A line from a poem called “The Dictator,” toward the end of the book: “The world without me // is the space in this room.” I’ve never thought about it that way. She’s right—Diana Khoi Nguyen, I mean. We’re surrounded at all times by a picture of what the world will look like (what it has looked like, what it looks like even now) without us in it. The very air is a portrait of our absence.

It’s a sentiment that helps me understand the formal innovations of Nguyen’s Ghost Of. Two particular forms, and both experiments with erasure. The first she borrows from a Japanese tradition of picture-making called, Gyotaku, where a fisherman would sometimes record the size of his catch by inking the profile and pressing it against washi paper.

Gyotaku

Here’s what it looks like in the book (just one instance of it: there are lots of variations):

In each of Nguyen’s Gyotaku poems, her brother has been clipped from the photograph and transfigured into words. This is the brother whose suicide is the subject of the book.

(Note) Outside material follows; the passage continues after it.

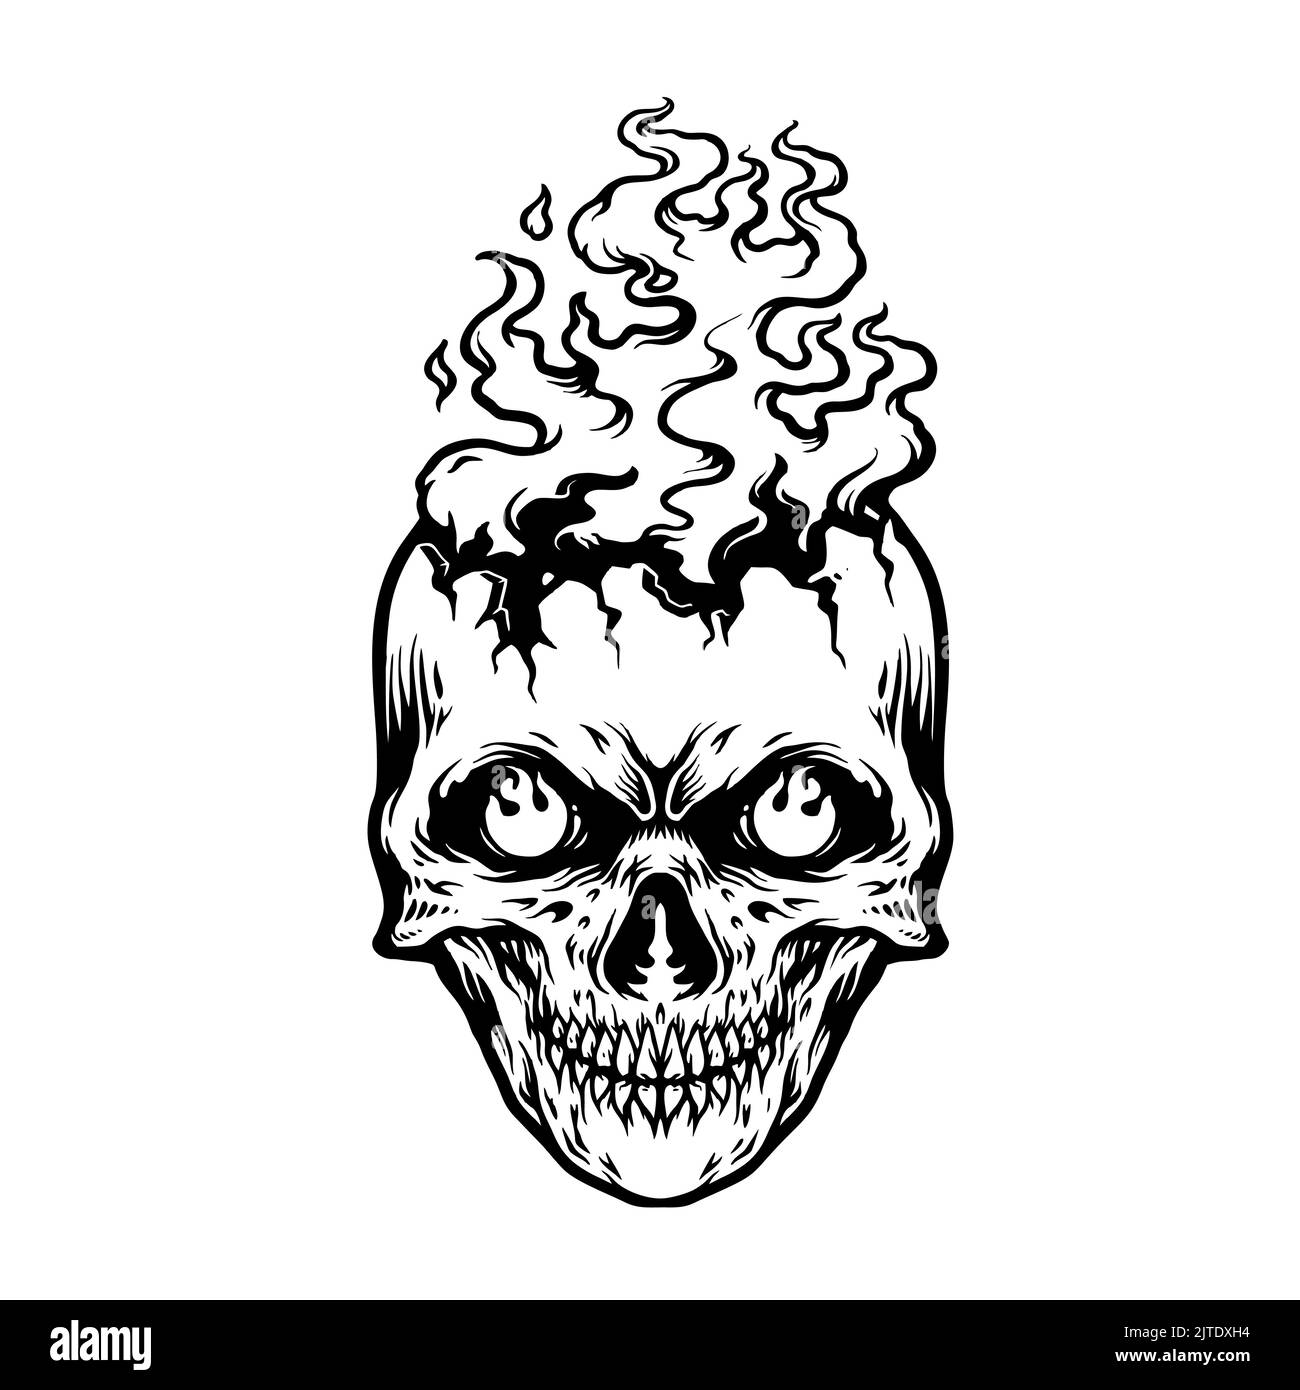 Burn Skull Head Flame Silhouette illustrazioni vettoriali per il tuo lavoro Logo, mascotte merchandise t-shirt, adesivi e disegni di etichette, poster, vettura di benvenuto Foto Stock

A little isosceles, swimming away from the photograph, reads: “uncontained, even water abandons itself; there is mystery inside migration, the elver swimming up ahead, out of the photograph; eels who ride atop each other do not have to see each other face to face; of the road, it does not move, it is everywhere it has a story, I am in it, you are in it.”

The second form is the triptych. Same concept (freeing one’s loss from its original context, giving it a new shape, letting it exist on its own terms—”The world without me // is the space in this room”).

The words that shape Nguyen’s brother are self-contained. They don’t fit in the block of text that appears next to him. In other words, you can read the large block of text continually, right through the missing shape. If you were listening to a recitation, you wouldn’t know that something has gone missing. And the same is true for the thin thumbprint of text taken out. You can read it on its own terms: “mindful of the setting he counted off the seconds in his head as the solitary bee struggles to fly inside the walls of an empty house, her sisters dead below her; no wind, no rain; we stayed.”